Your objective
Only one stretch of the data below is needed: the line with "Adidas apresenta bolas" through the last line. Output it exactly and drop the pictures.

Data excerpt
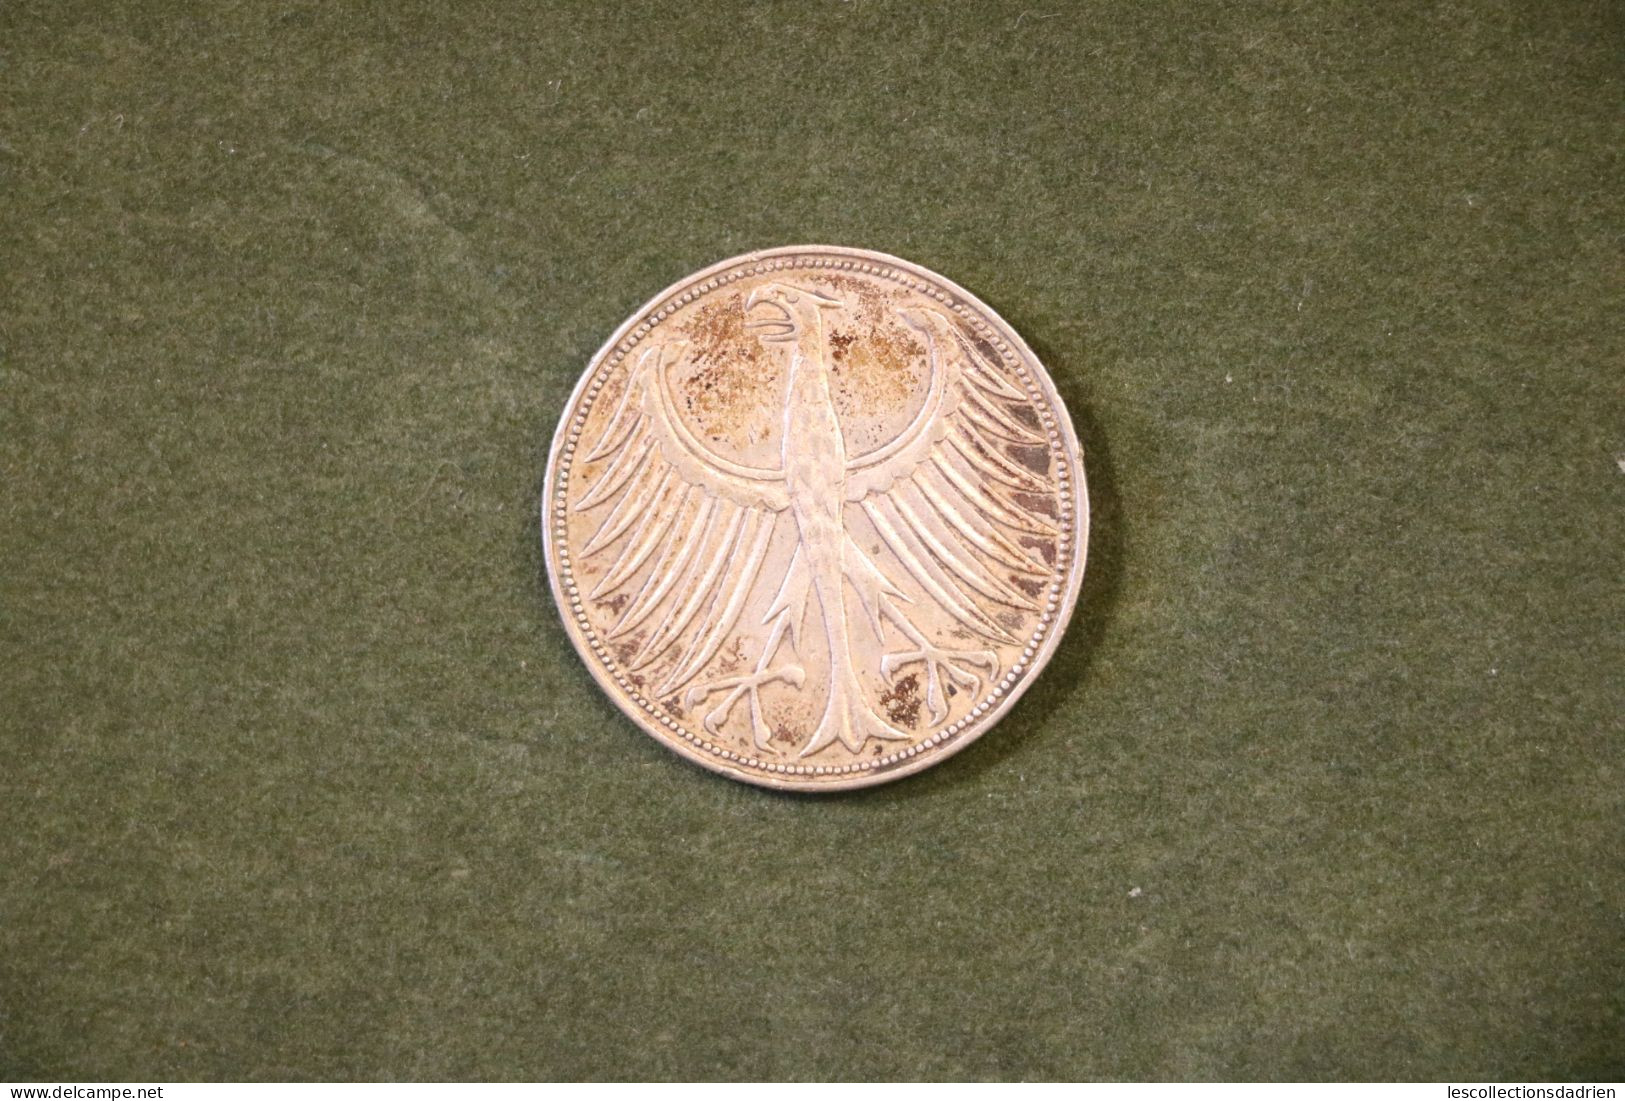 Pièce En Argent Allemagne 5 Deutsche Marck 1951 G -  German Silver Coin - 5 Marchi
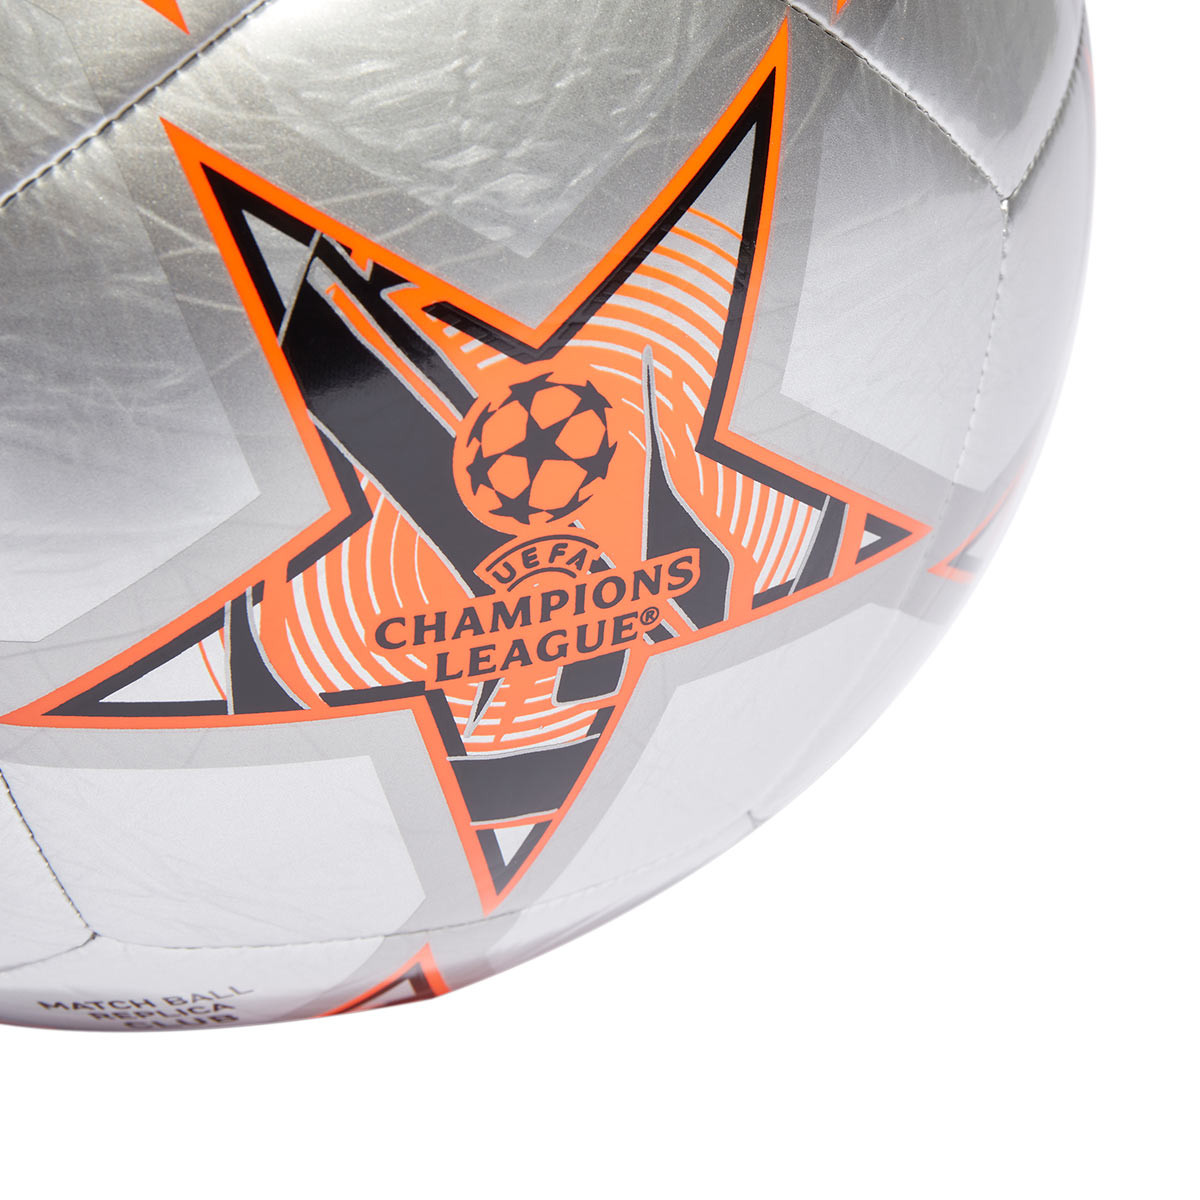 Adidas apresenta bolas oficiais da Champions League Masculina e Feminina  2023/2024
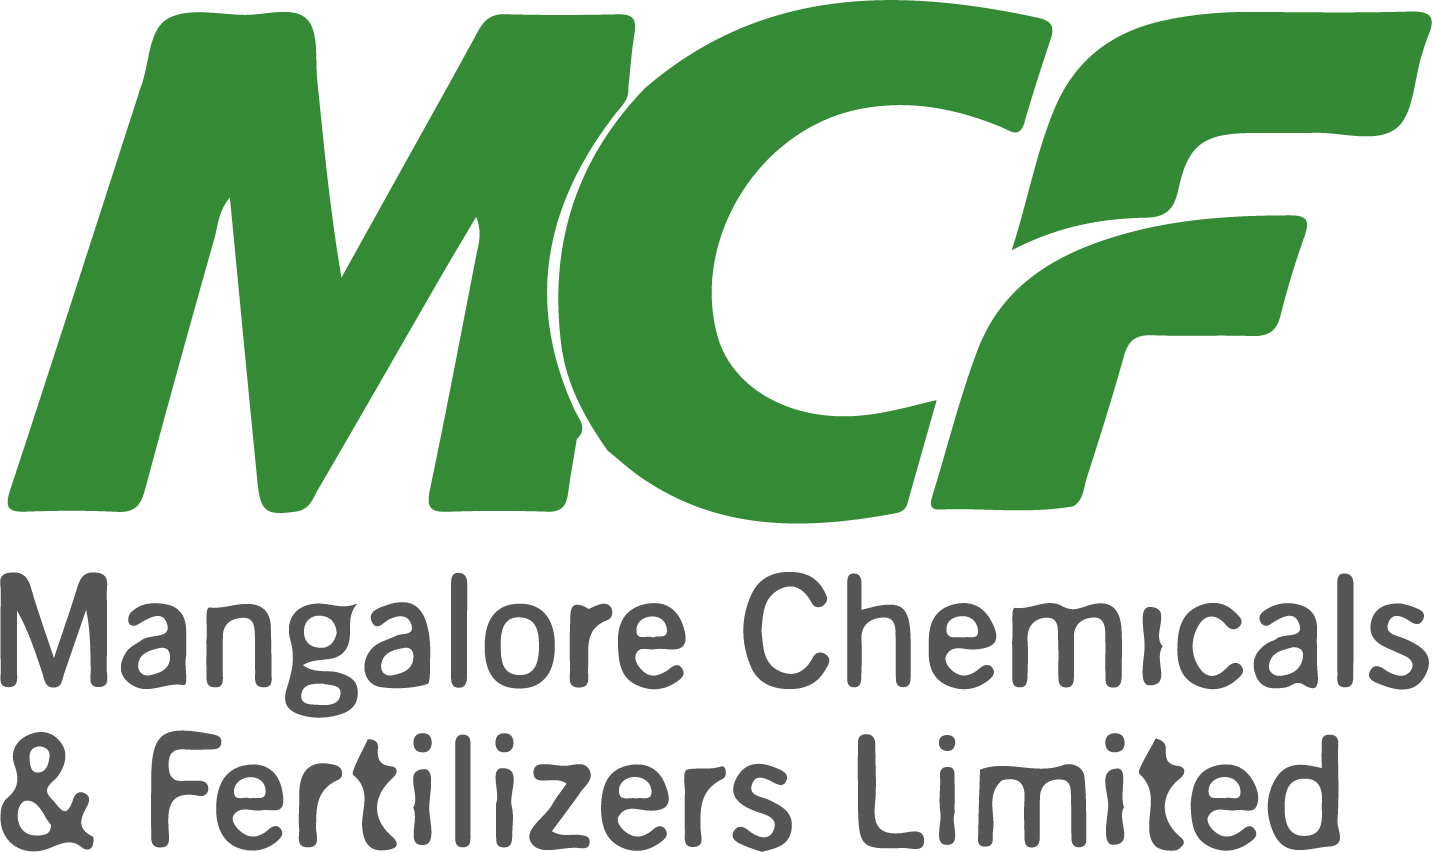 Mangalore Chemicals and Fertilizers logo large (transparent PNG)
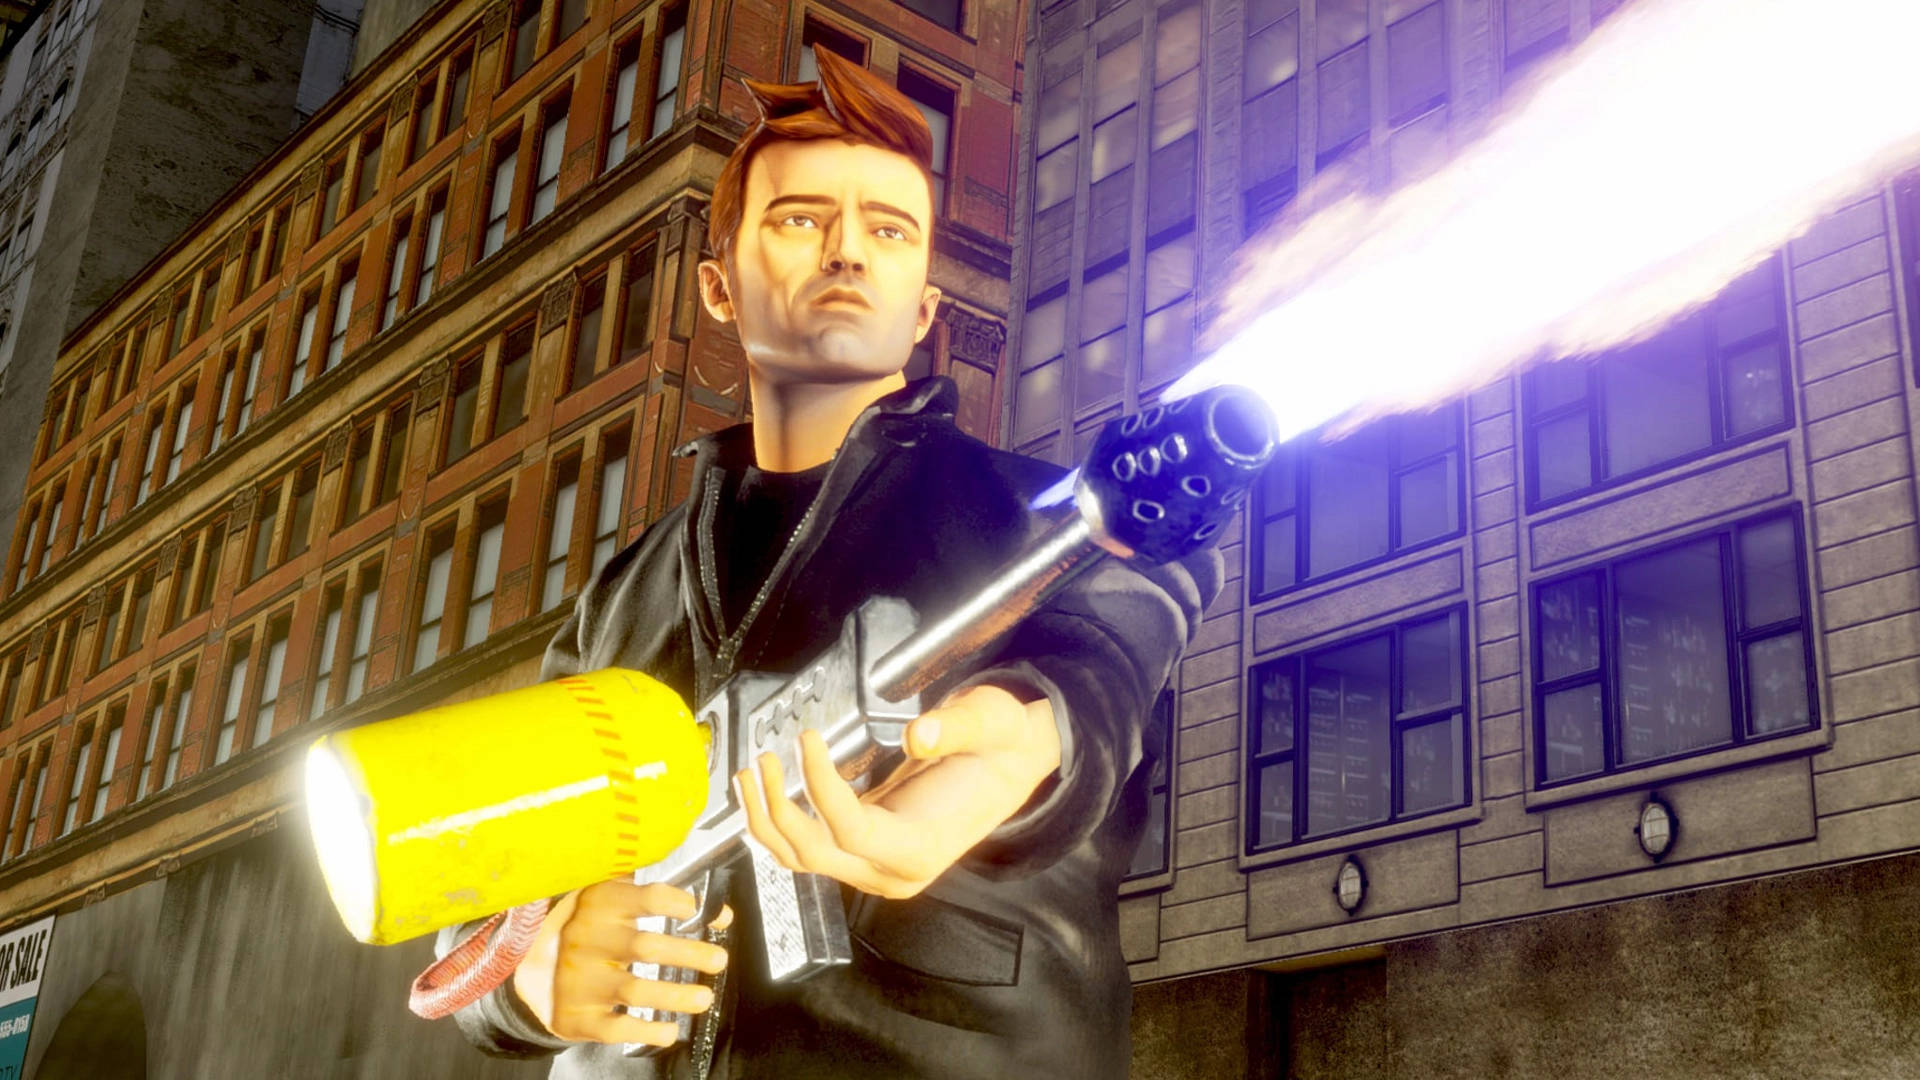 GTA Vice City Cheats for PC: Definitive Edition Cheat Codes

Answer to this problem
 Adidas apresenta bolas oficiais da Champions League Masculina e Feminina  2023/2024
 Mangalore Chemicals and Fertilizers logo large (transparent PNG)
 GTA Vice City Cheats for PC: Definitive Edition Cheat Codes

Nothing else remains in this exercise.